_Collected material_:
^^^^^^^^^^^^^^^^

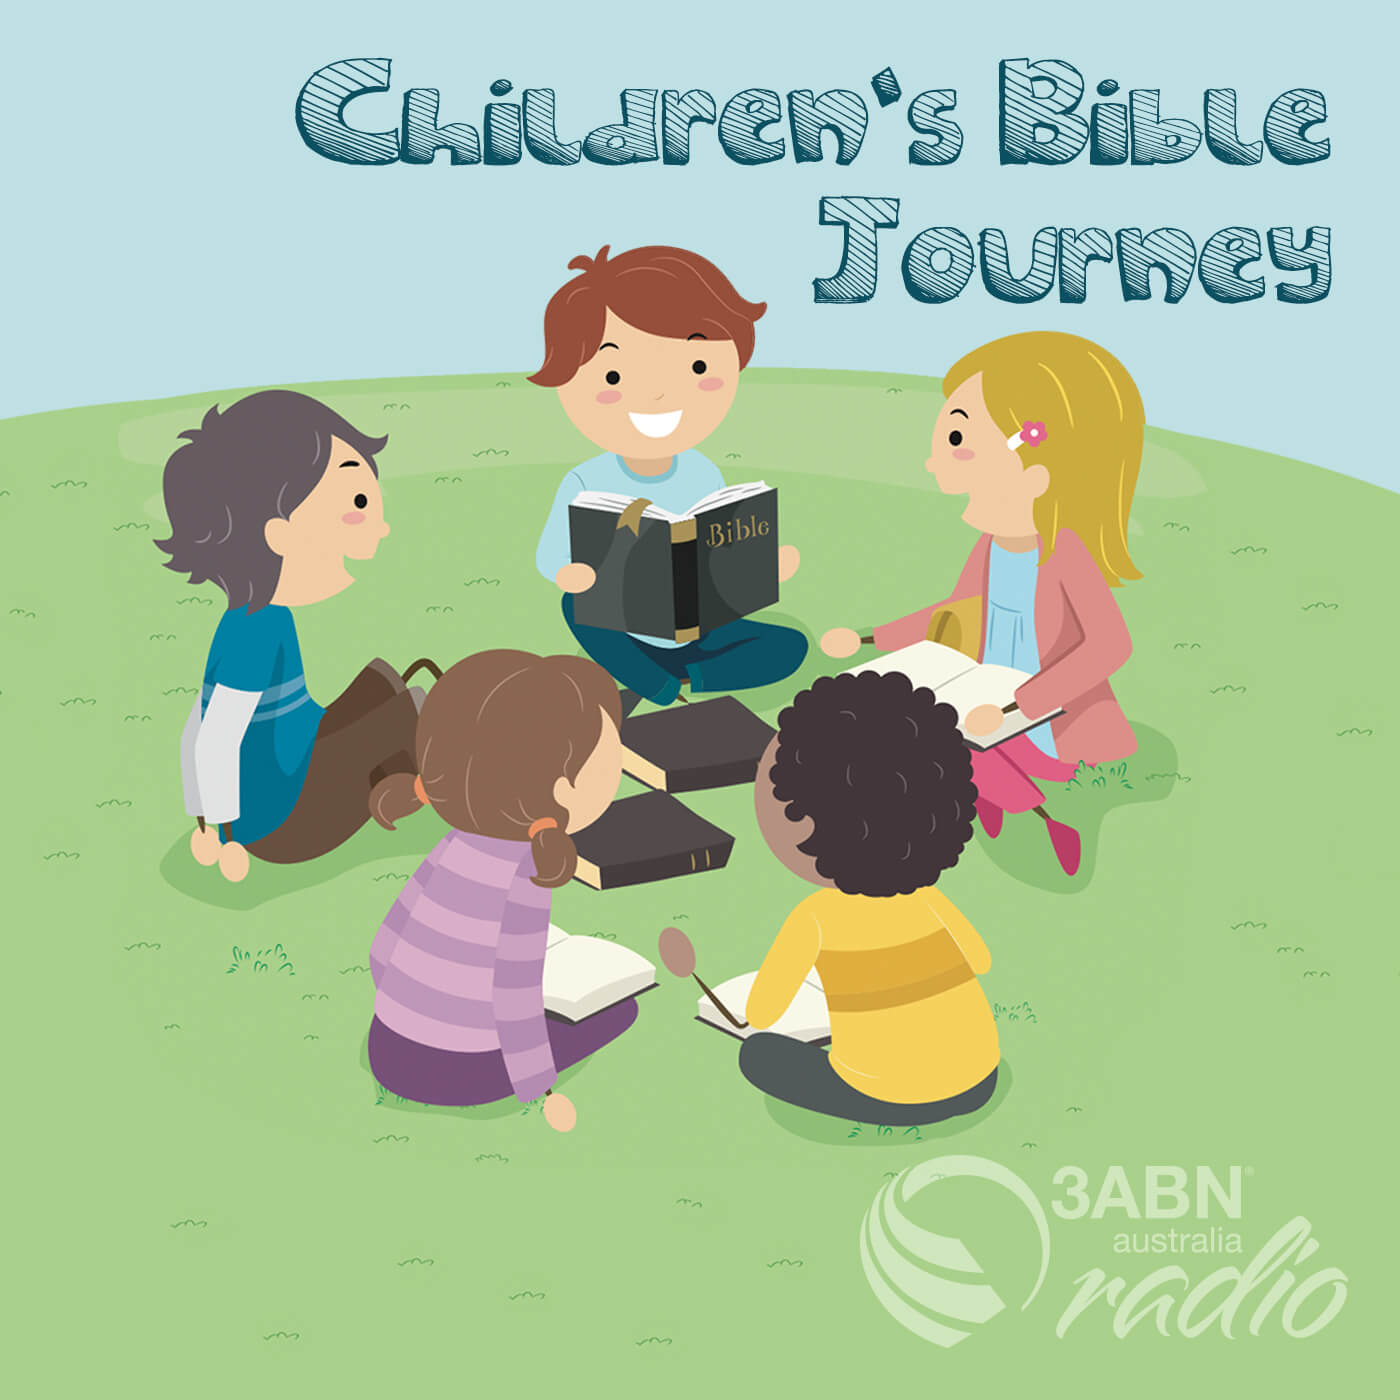 Children's Bible Journey - 2198
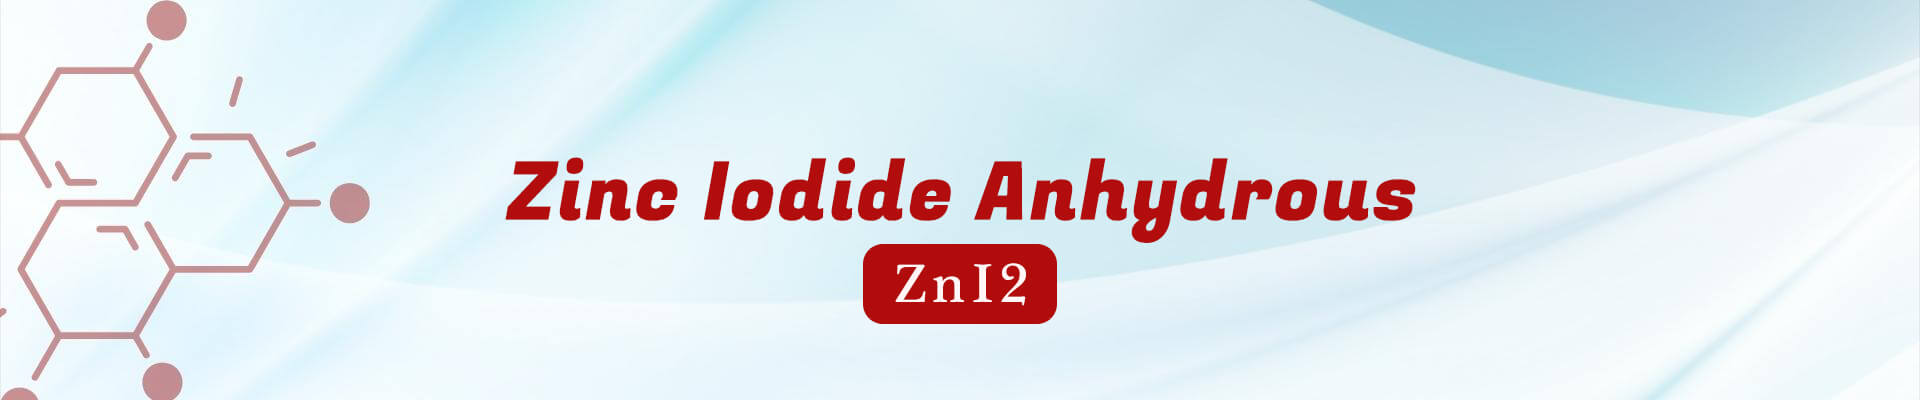 Zinc Iodide Anhydrous
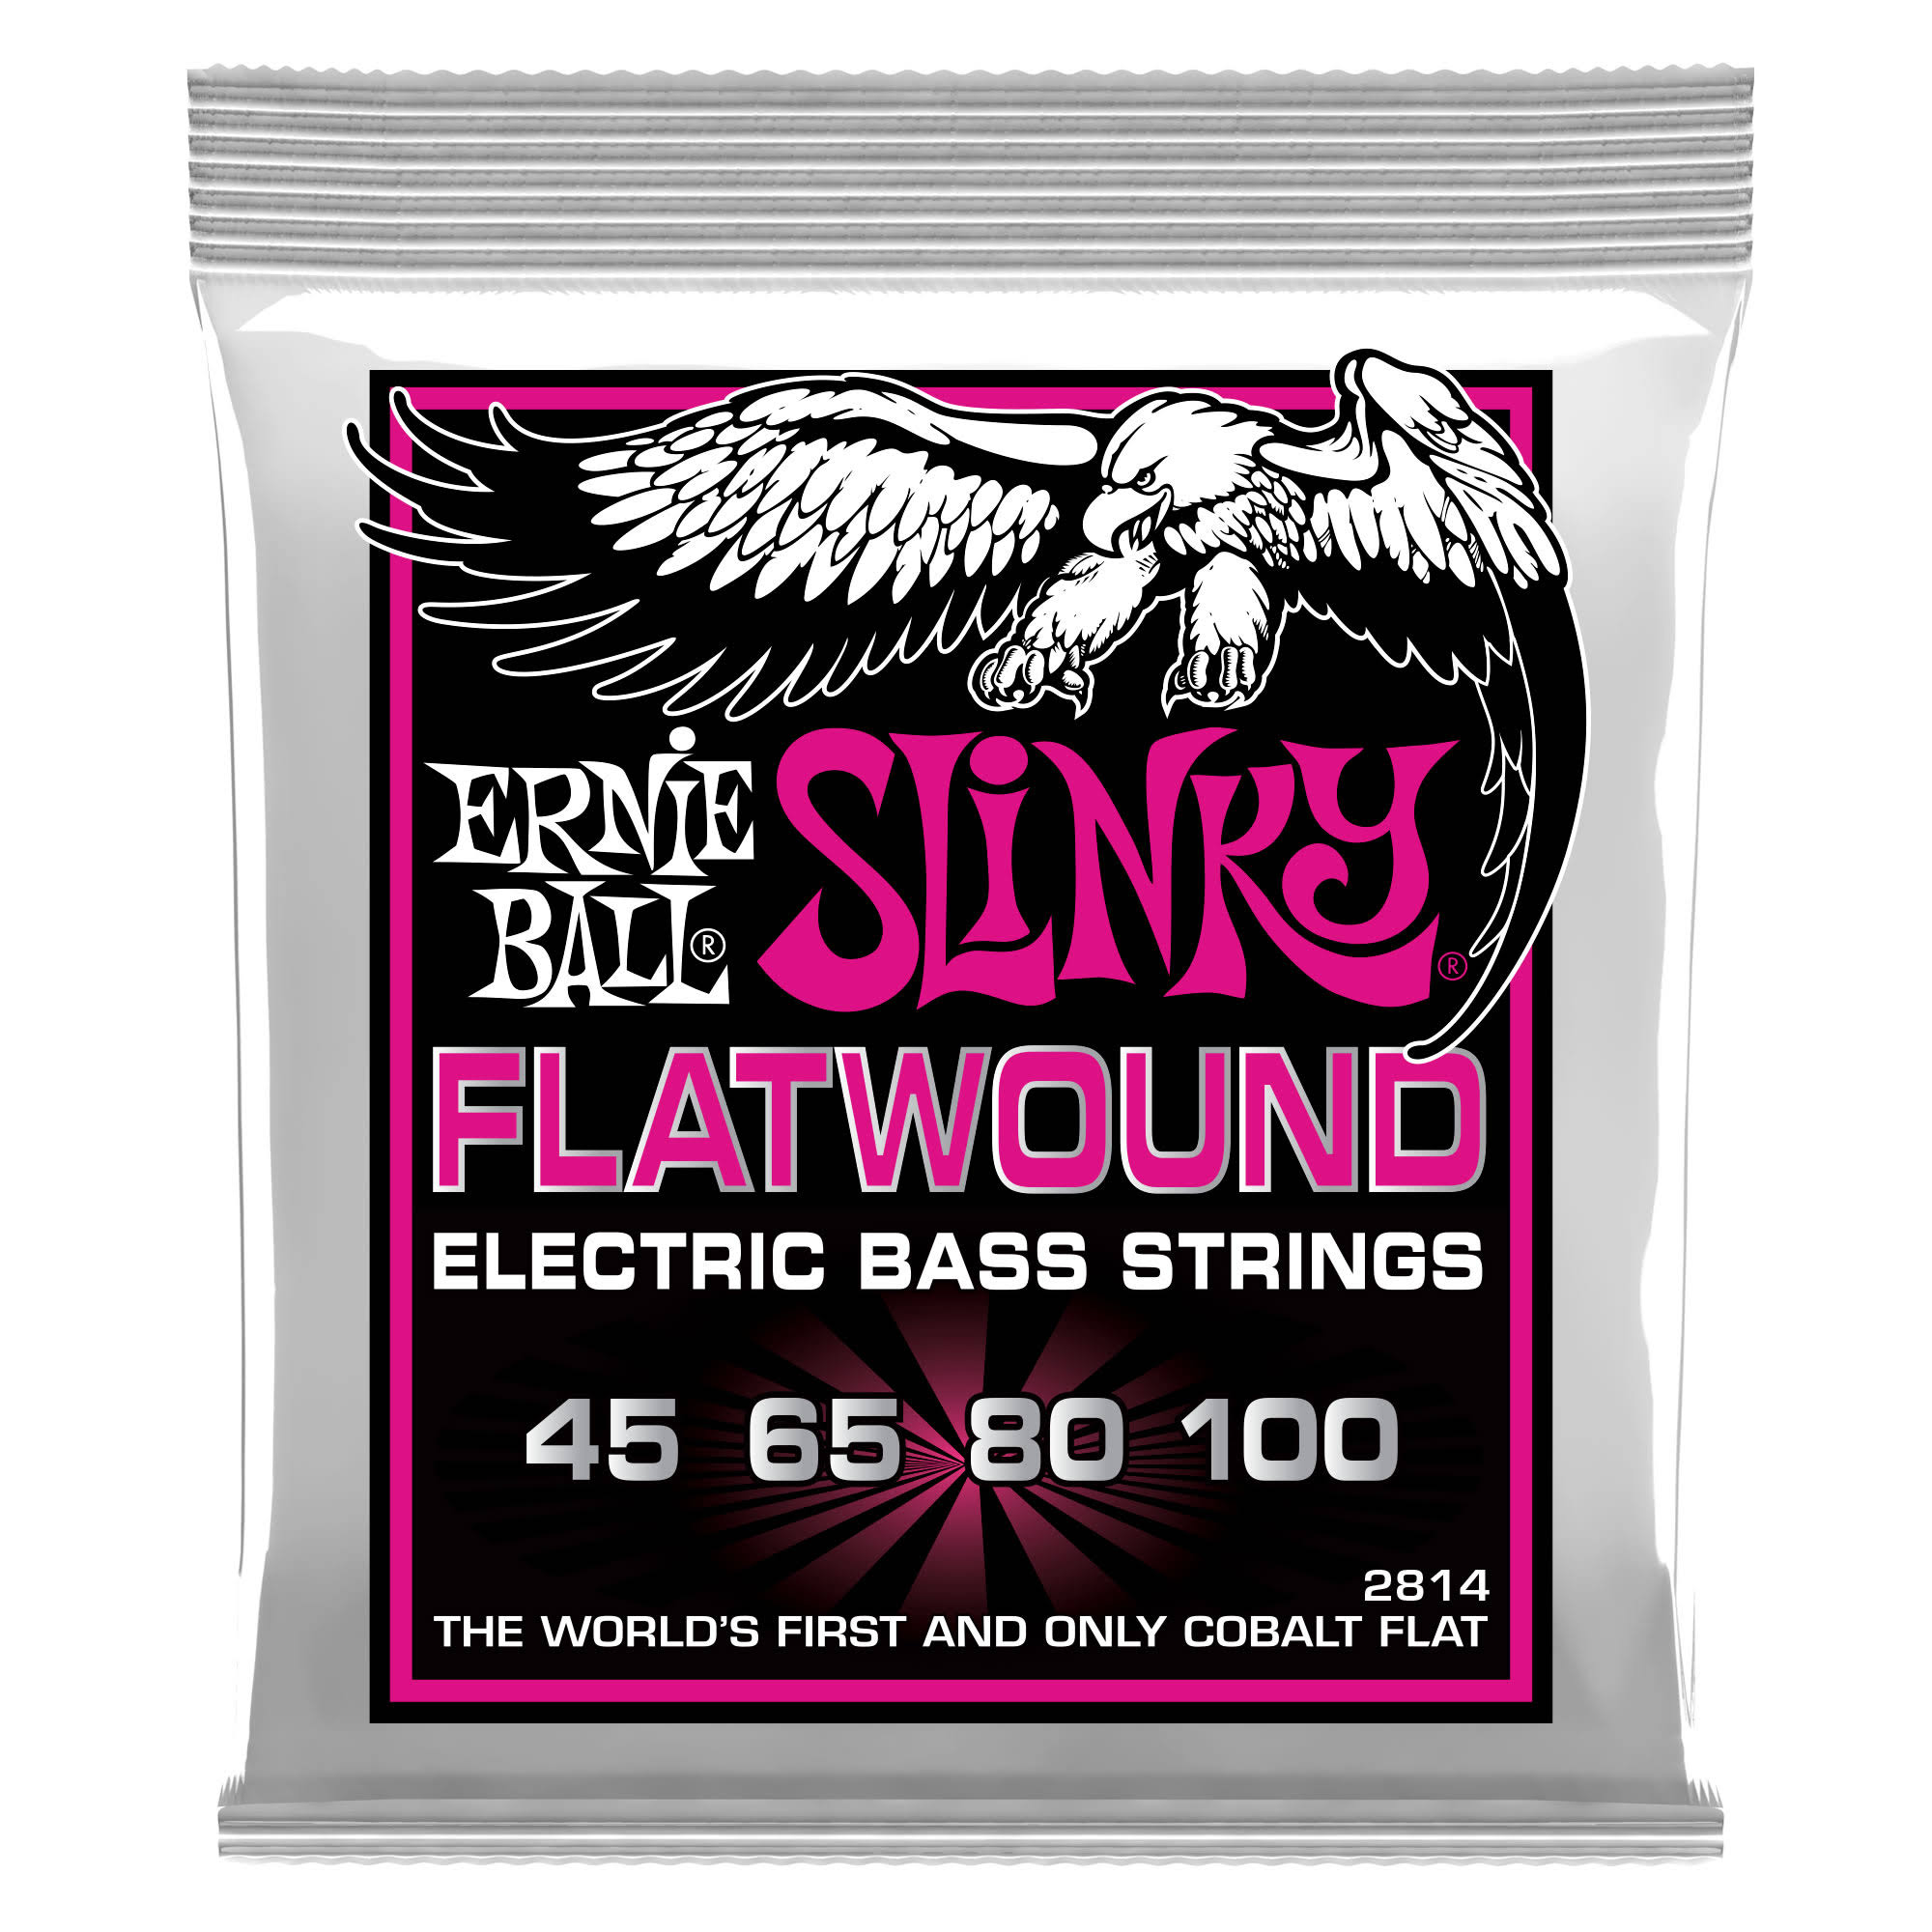 Ernie Ball 2814 Super Slinky Flatwound Electric Bass Guitar String - 4 String Set, 45-100

^^^^^^^^^^^^^^^^

_What you should do_: Give the data back exactly, omitting all pictures.

_Answer_:
 Children's Bible Journey - 2198
 Zinc Iodide Anhydrous
 Ernie Ball 2814 Super Slinky Flatwound Electric Bass Guitar String - 4 String Set, 45-100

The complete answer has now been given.